To really dive into SLMs, you need to be able to use Python, but you can get started without coding. Let's start with the non-coders path because this is the easiest way for everyone to get going.

The first port of call is visiting ollama.com and downloading their software for your machine. Install the software and run it. You should see a UI like this.

Out-of-the-box, Ollama doesn't install any SLMs, so I'm going to show you how to install a model. From the drop down menu on the bottom right, select llama3.2. This will install the model on your machine which will take a minute or so. Remember, these models are resource hogs and using them will slow down your machine.

Once you've installed a model, ask it a question. For example, "Who is the Prime Minister of Canada?". The answer doesn't really matter, this is just a simple proof that your installation was successful.

(By the way, the Ollama logo is very cute and they make great use of it. It shows you the power of good visual design.)

So many models!

The UI drop down list shows a number of models, but these are a fraction of what's available. Go to this page to see a few more: https://ollama.com/library. This is a nice list, but you actually have access to thousands more. HuggingFace has a repository of models that follow the GGUF format, you can see the list here: https://huggingface.co/models?library=gguf.

Some models are newer than others and some are better than others at certain tasks. HuggingFace have a leaderboard that's useful here: https://huggingface.co/spaces/ArtificialAnalysis/LLM-Performance-Leaderboard. It does say LLM, but it includes SLMs too and you can select just a SLM view of the models. There are also model cards you can explore that give you insight into the performance of each model for different types of tasks.

To select the right models for your project, you'll need to define your problem and look for a model metric that most closely aligns with what you're trying to do. That's a lot of work, but to get started, you can install the popular models like mistral, llama3.2, and phi3 and get testing.

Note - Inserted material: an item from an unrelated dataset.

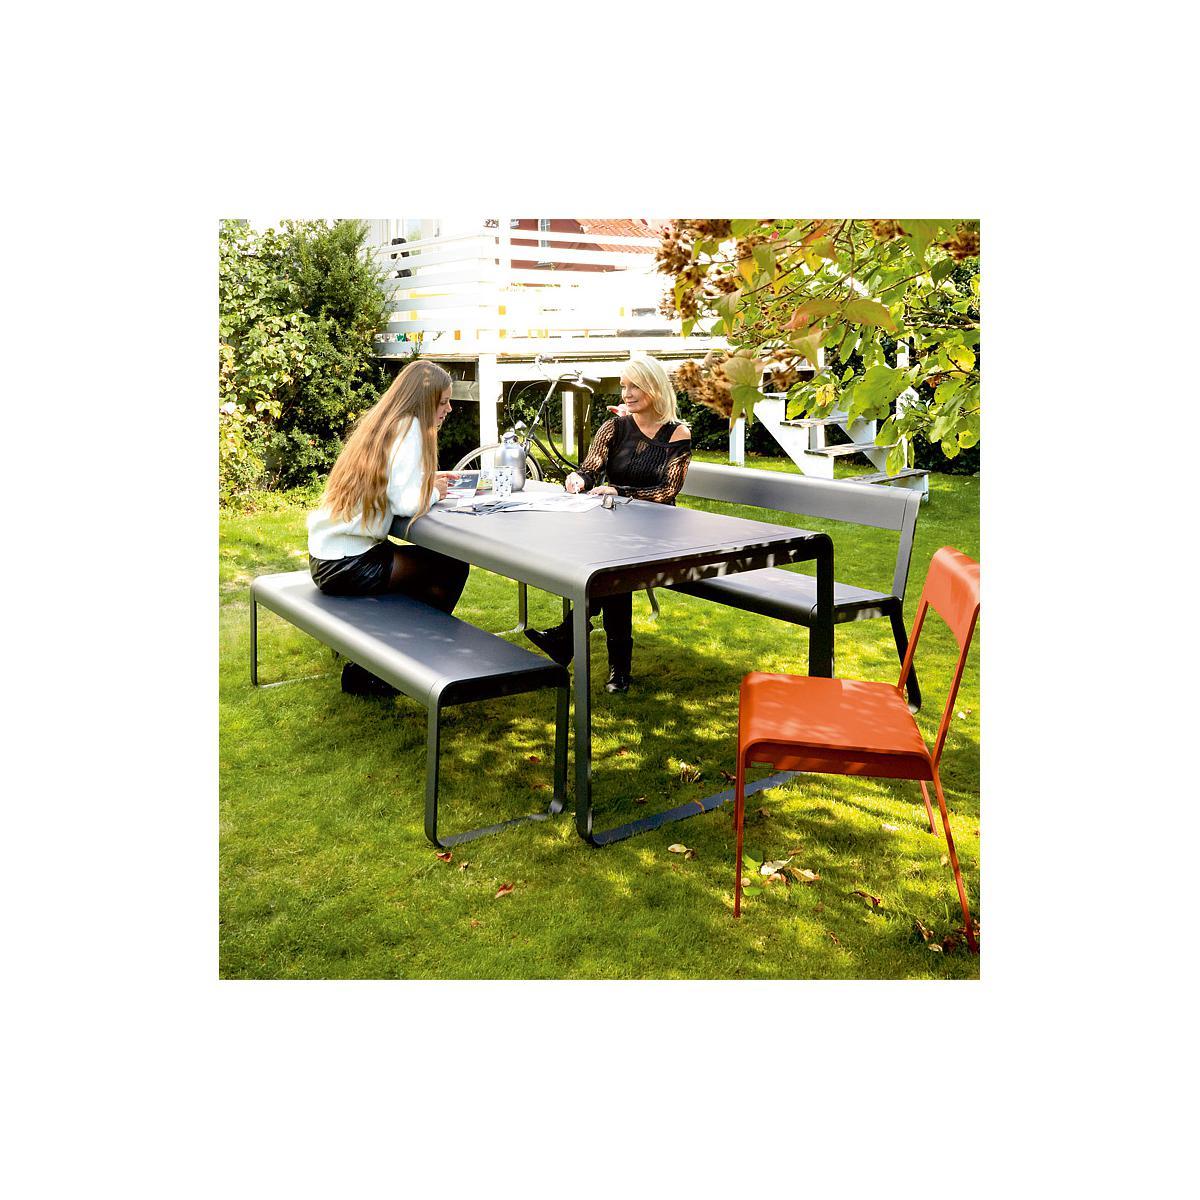 Table de jardin BELLEVIE Fermob cèdre

Who was the King of England in 1650?

You can't just generically evaluate an SLM, you have to evaluate it for a the task you want to do. For example, if you want a chatbot to talk about the stock you have in your retail company, it's no use testing the model on questions like "who was King of England in 1650?". It's nice if the model knows Kings & Queens, but not really very useful to you. So your first task is defining your evaluation criteria.

(England didn't have a King in 1650, it was a republic. Parliament had executed the previous King in 1649. This is an interesting piece of history, but why do you care if your SLM knows it?)

Text analysis: data breaches

For my evaluation, I chose a project analyzing press reports on data breaches. I selected nine questions I wanted answers to from a press report. Here are my questions:

"Does the article discuss a data breach - answer only Yes or No"
"Which entity was breached?"
"How many records were breached?"
"What date did the breach occur - answer using dd-MMM-YYYY format, if the date is not mentioned, answer Unknown, if the date is approximate, answer with a range of dates"
"When was the breach discovered, be as accurate as you can"
"Is the cause of the breach known - answer Yes or No only"
"If the cause of the breach is known state it"
"Were there any third parties involved - answer only Yes or No"
"If there were third parties involved, list their names"

The idea is simple, give the SLM a number of press reports. Get it to answer the questions on each article. Check the accuracy of the results for each SLM.

As it turns out, my questions needs some work, but they're good enough to get started.

Where to run your SLM?

The first choice you face is which computer to run your SLM on. Your choices boil down to evaluating it on the cloud or on your local machine. If you evaluate on the cloud, you need to choose a machine that's powerful enough but also works with your budget. Of course, the advantage of cloud deployment is you can choose any machine you like. If you choose your local machine, it needs to be powerful enough for the job. The advantage of local deployment is that it's easier and cheaper to get started.

To get going quickly, I chose my local machine, but as it turned out, it wasn't quite powerful enough.

The code

This is where we part ways with the Ollama app and turn to coding.

The first step is installing the Ollama Python module (https://github.com/ollama/ollama-python). Unfortunately, the documentation isn't great, so I'm going to help you through it.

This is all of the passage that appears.